- **Work request**
Repeat every line from the line containing "新-中华人民共和国基本医疗卫生与健康促进法--宣传册_01" to the end of the data, exactly. Leave the pictures out.

- **Dataset content**
━━━━━━━━━━━━━━━━━━━━
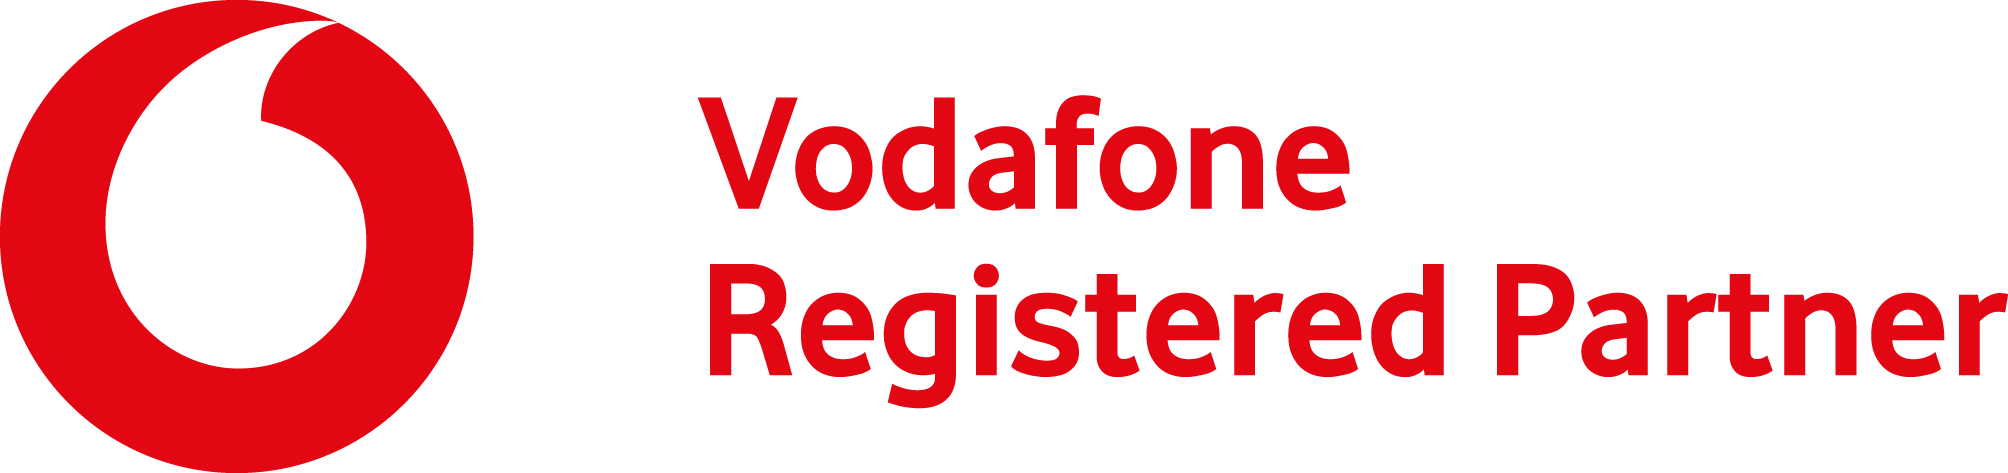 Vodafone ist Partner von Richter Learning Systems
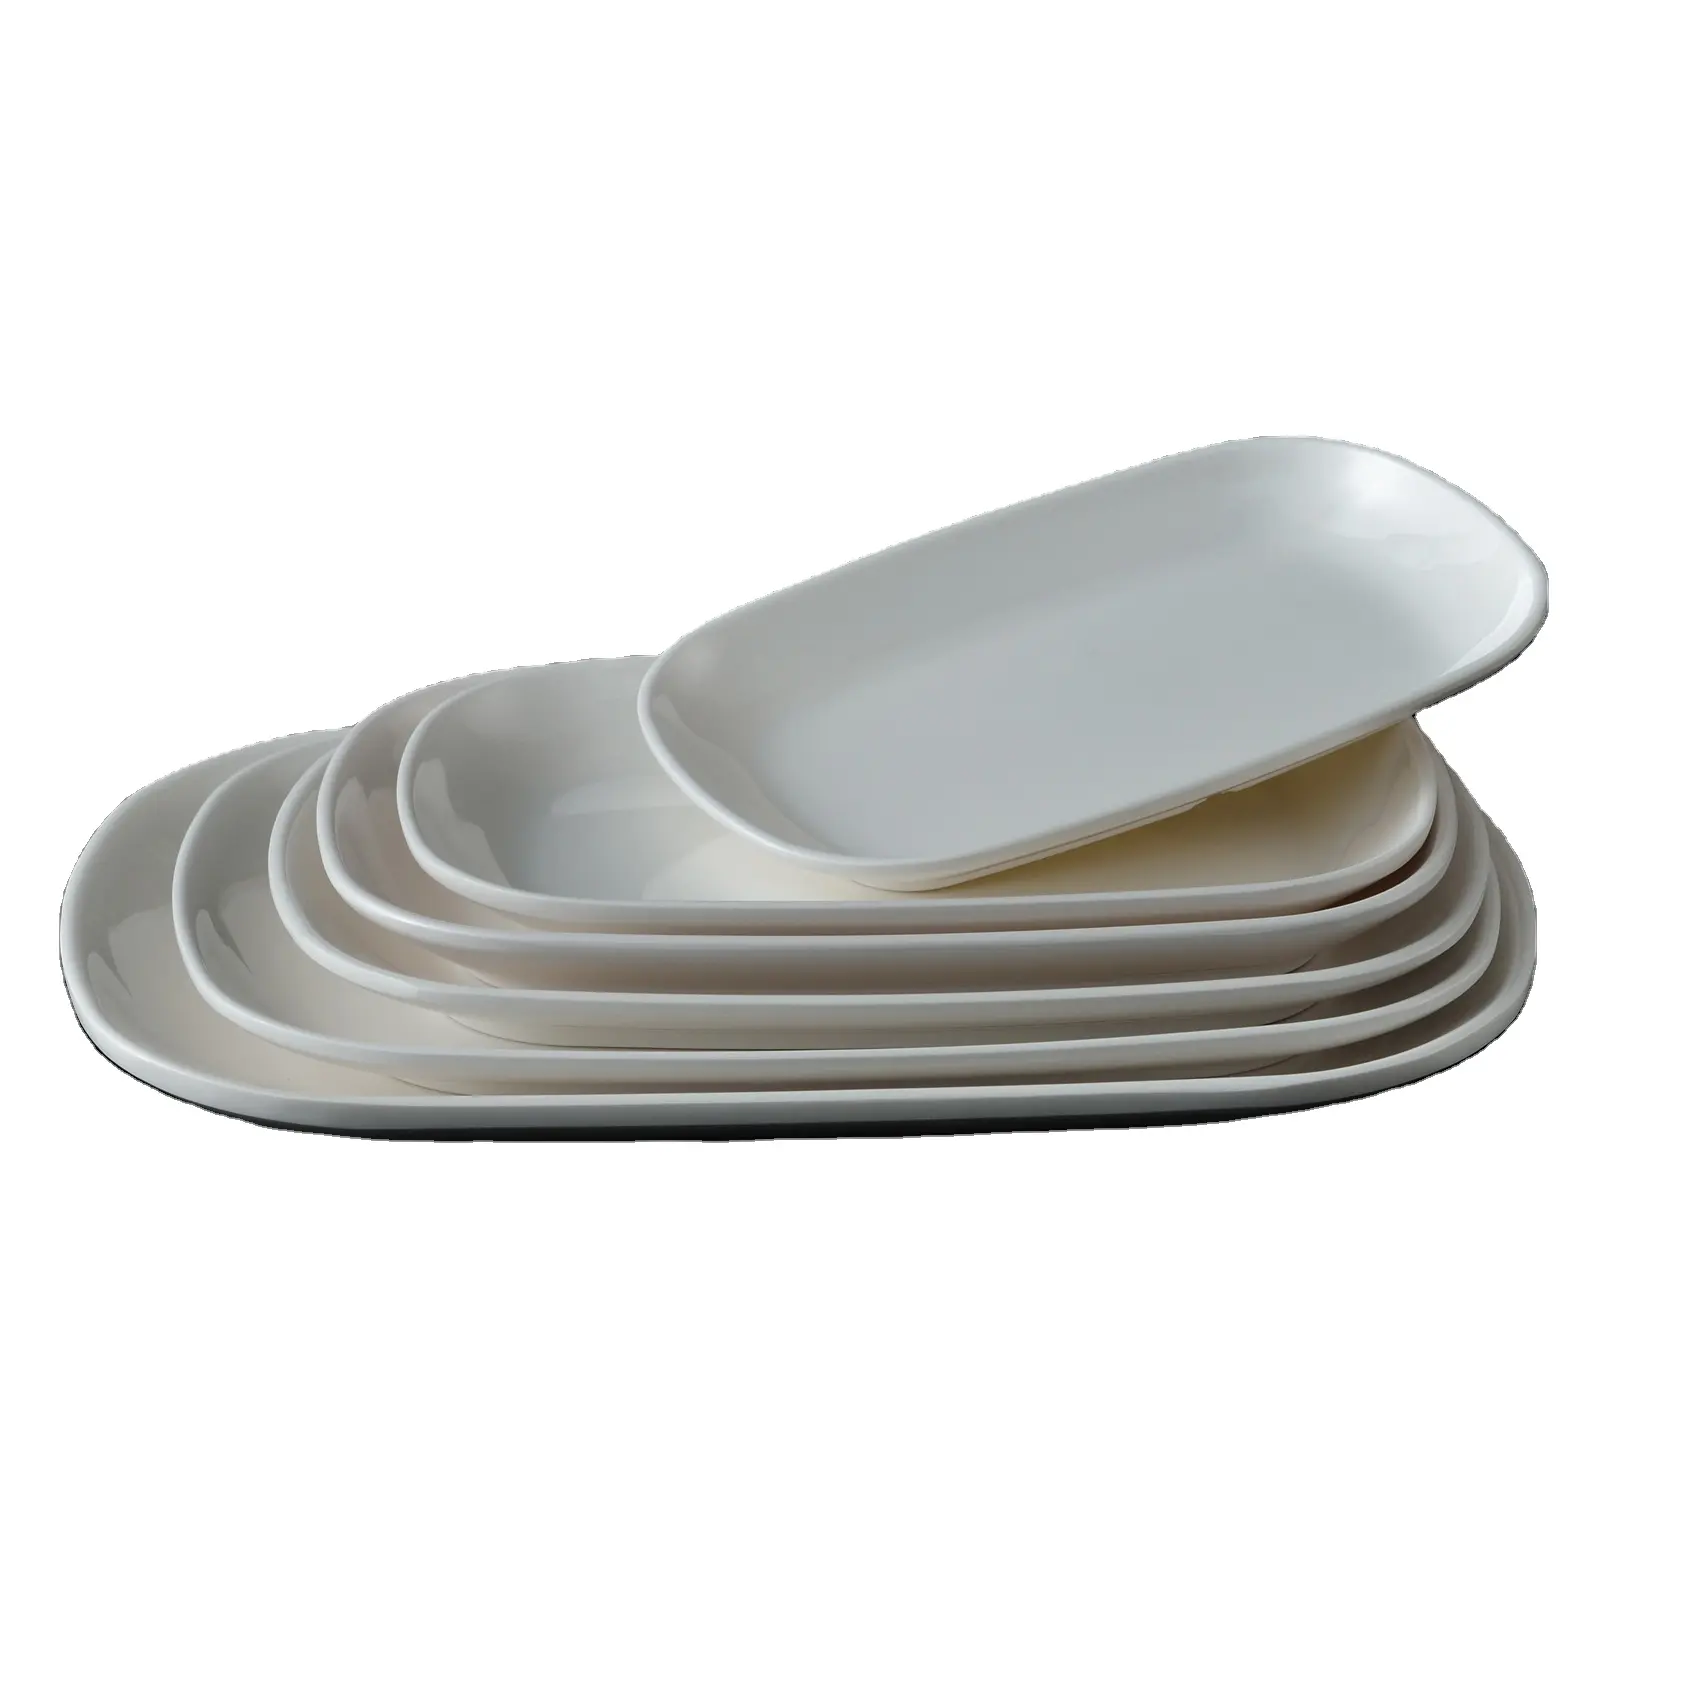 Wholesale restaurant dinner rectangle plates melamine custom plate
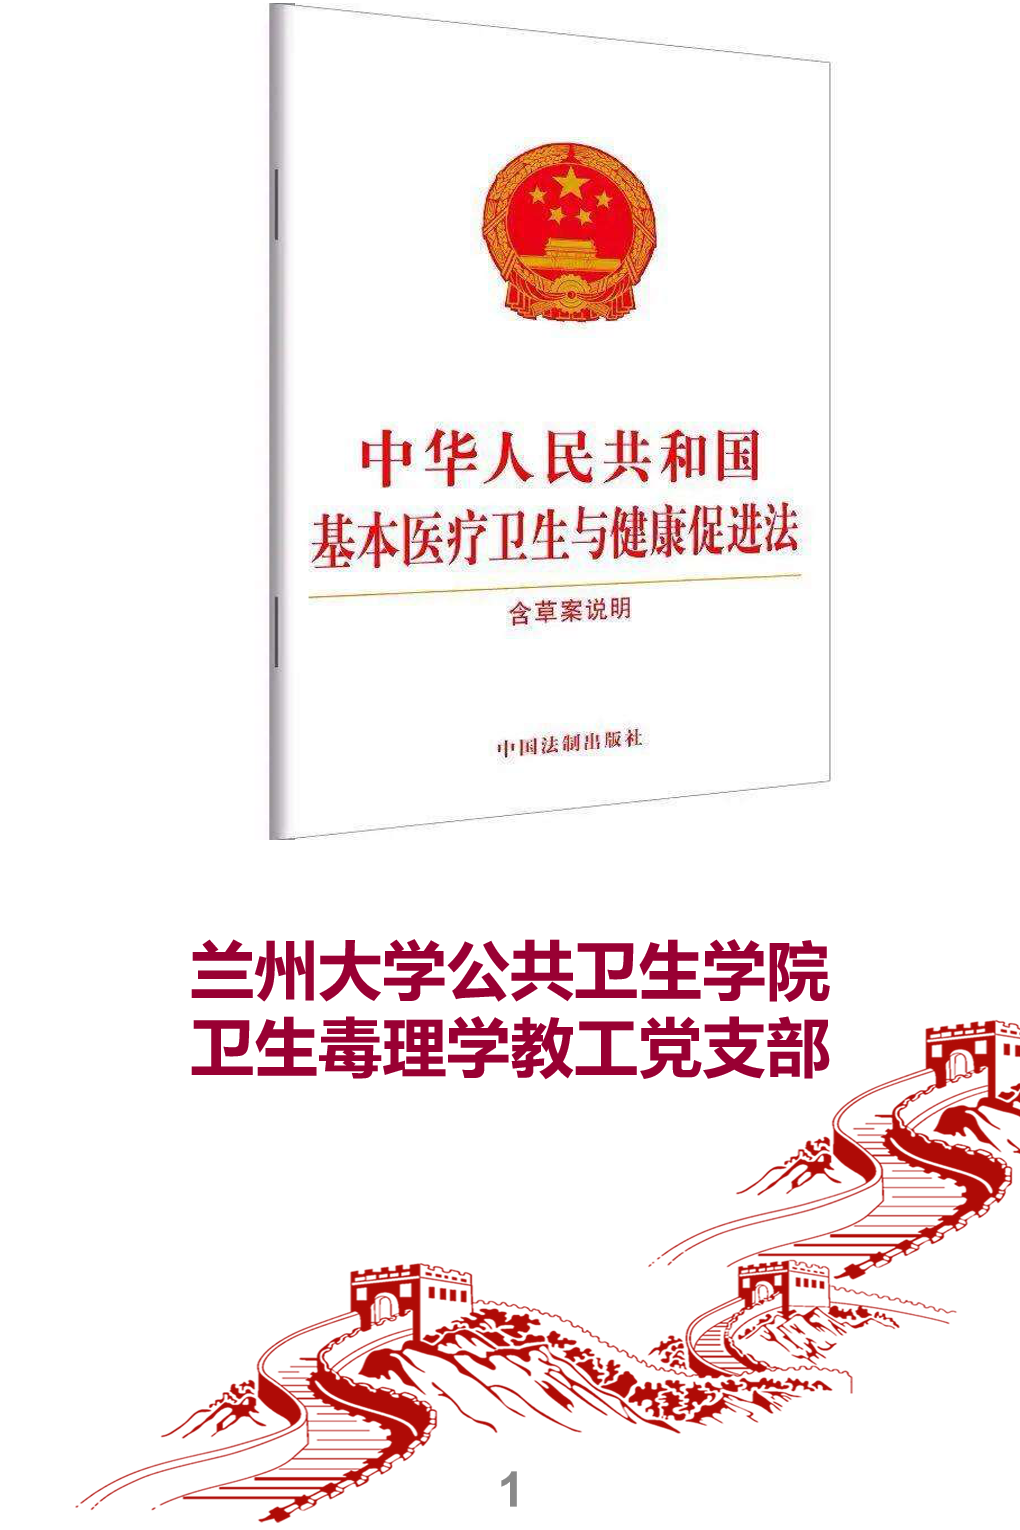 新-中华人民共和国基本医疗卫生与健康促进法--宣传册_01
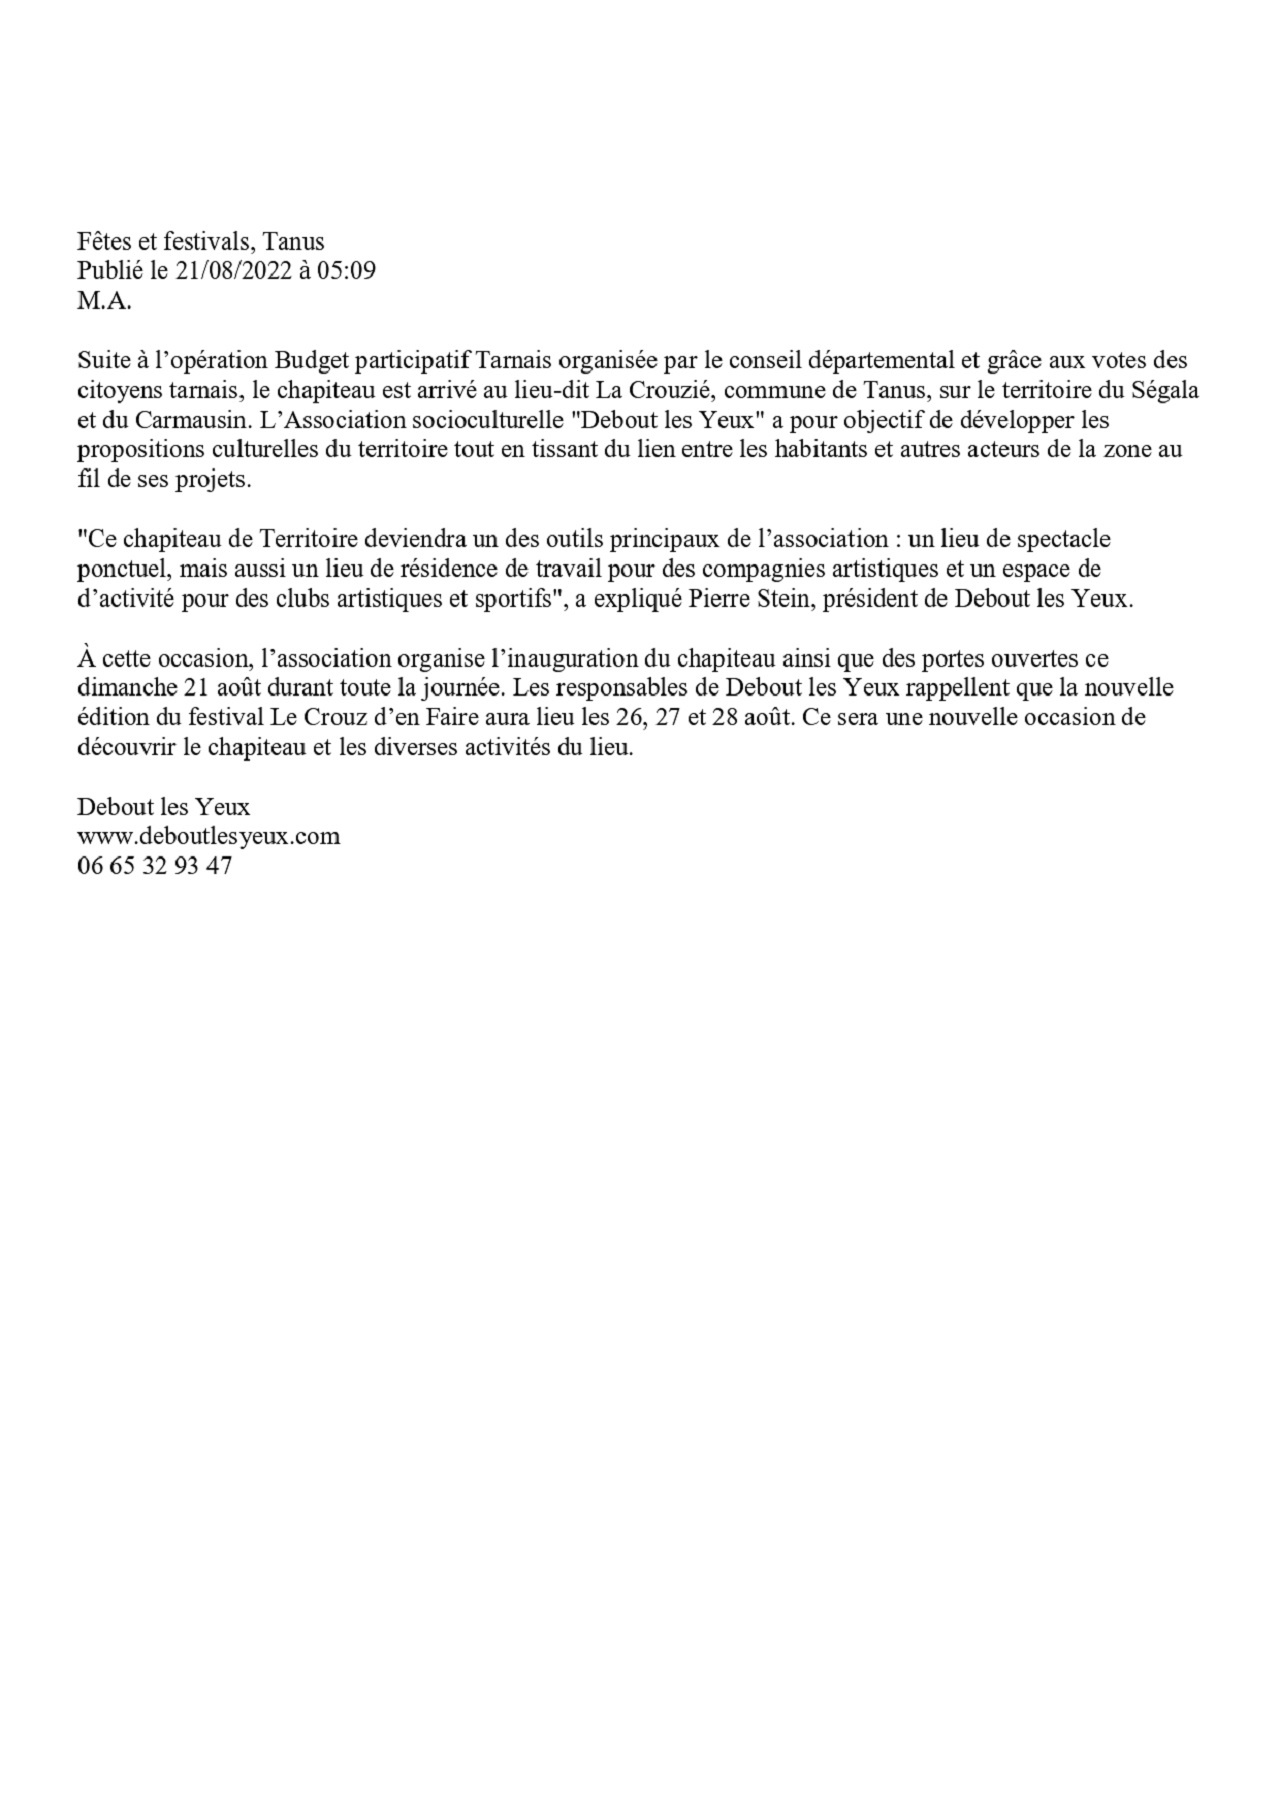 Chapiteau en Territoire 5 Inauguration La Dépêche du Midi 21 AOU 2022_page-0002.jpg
━━━━━━━━━━━━━━━━━━━━
- **Result below**
 新-中华人民共和国基本医疗卫生与健康促进法--宣传册_01
 Chapiteau en Territoire 5 Inauguration La Dépêche du Midi 21 AOU 2022_page-0002.jpg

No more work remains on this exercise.